Foxconn
After being embroiled in accusations of running their factories like a “sweatshop,” Foxconn in 2011 erected nets around its Shenzhen factory buildings to prevent suicide jumps. In this picture, workers assemble electronic components at the Taiwanese technology giant Foxconn's factory in Shenzhen, in the southern Guangzhou province, China, May 26, 2010. Getty Images/ AFP

A China workers’ rights organization, based out of the United States, alleged a worker at a Foxconn factory that manufactures iPhones in the Asian country died by suicide Saturday.

Li Ming, 31, jumped from a building in Zhengzhou in the east-central Chinese Henan province, according to China Labor Watch (CLW). The organization even posted a video, which reportedly showed Li’s corpse lying on the snow and a crowd gathered around it, the Telegraph reported.

CLW spoke to the deceased’s father, who confirmed his death but gave no information regarding what motivated the worker to take his life. Li was working for Foxconn for the past two months and lived in one of the dormitories provided by the company. It was not immediately known whether Li himself was involved in manufacturing iPhones.

The factory, where Li worked, manufactured Apple’s iPhone X — the latest model in its series, which was launched in December 2017. Apparently, almost 50 percent of Apple’s iPhones were manufactured in the factories in Zhengzhou. A reported 350,000 workers work on production lines in the city to make 350 units per minute.

Foxconn factories in China have a long, controversial history of worker suicides in the past. In July 2009, a Foxconn communications department worker named Sun Danyong, 25, died by suicide. He jumped from his apartment building after he was beaten up by factory guards for allegedly losing an iPhone prototype.

In 2010, 14 employees working for Foxconn died by suicide, most of them by jumping off buildings. After being embroiled in accusations of running their factories like a “sweatshop,” Foxconn erected nets around its Shenzhen factory buildings, designed to prevent suicide jumps in 2011. Although the rate of worker suicides went down, four workers still ended up taking their lives since then.

In the beginning of the following year, a group of 150 workers in a Foxconn factory in Wuhan, in Hubei province, China, protested against working conditions by standing on the roof of a factory building and threatening to commit suicide. As it turned out, 600 of the factory’s workers were being relocated to a place with horrible living conditions.

"The assembly line ran very fast and after just one morning we all had blisters and the skin on our hand was black,” one of the factory workers told the Telegraph on the condition of anonymity. “The factory was also really choked with dust and no one could bear it.”

Former Apple CEO Steve Jobs had shown concern over the continuous cases of worker suicides being reported in Foxconn factories.

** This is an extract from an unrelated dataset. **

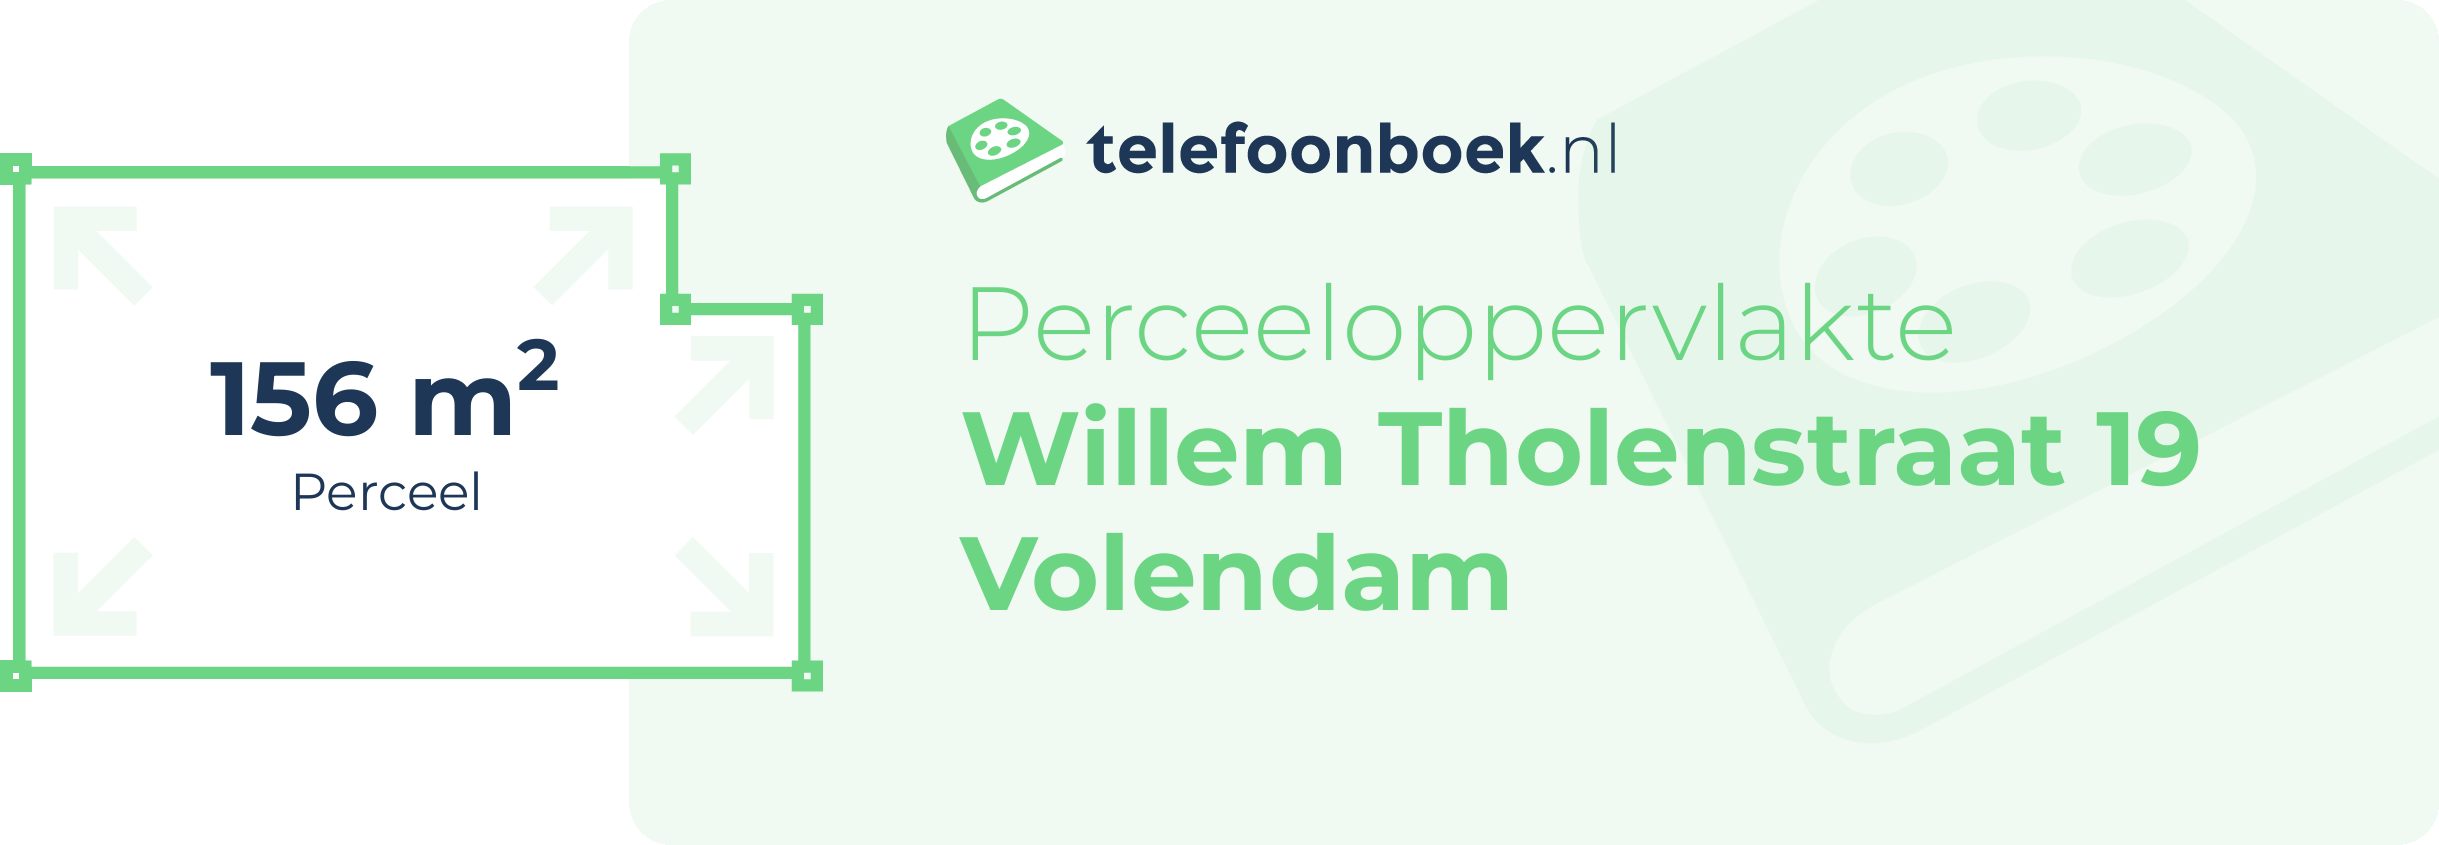 Perceeloppervlakte Willem Tholenstraat 19 Volendam
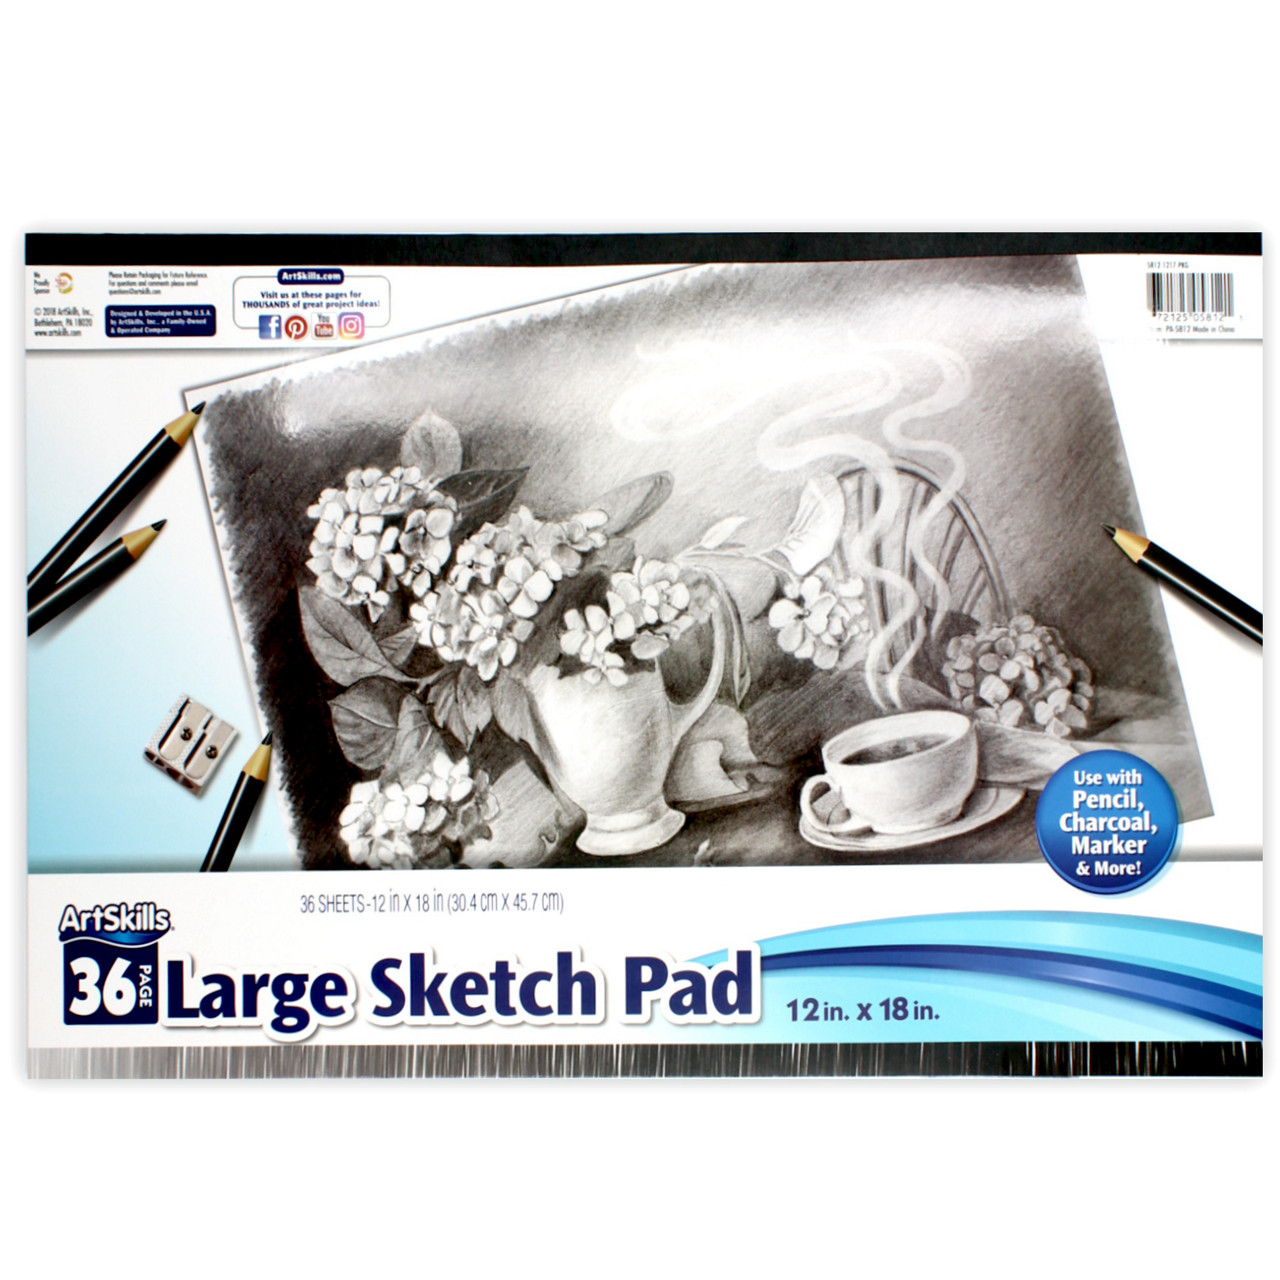 ArtSkills 12 x 18 Large Hardcover Drawing & Sketch Pad Notebook, 36 Sheets

“We are on top of this… Foxconn is not a sweatshop. It's a factory – but my gosh, they have restaurants and movie theatres... but it's a factory. But they've had some suicides and attempted suicides – and they have 400,000 people there. The rate is under what the US rate is, but it's still troubling."

A month before iPhone X was set to hit the market in 2017, reports of teenagers working 11 hours a day to assemble the units came out. Six high school students, ranging from ages 17 to 19, said they worked extensively long hours at a Foxconn factory in Zhengzhou, China, something that is illegal in the country.

They were reportedly told by their school “work experience” of three months at the factory was mandatory for their graduation.

“We are being forced by our school to work here,” an 18-year-old student who assembled up to 1,200 iPhone X cameras per day. “The work has nothing to do with our studies.”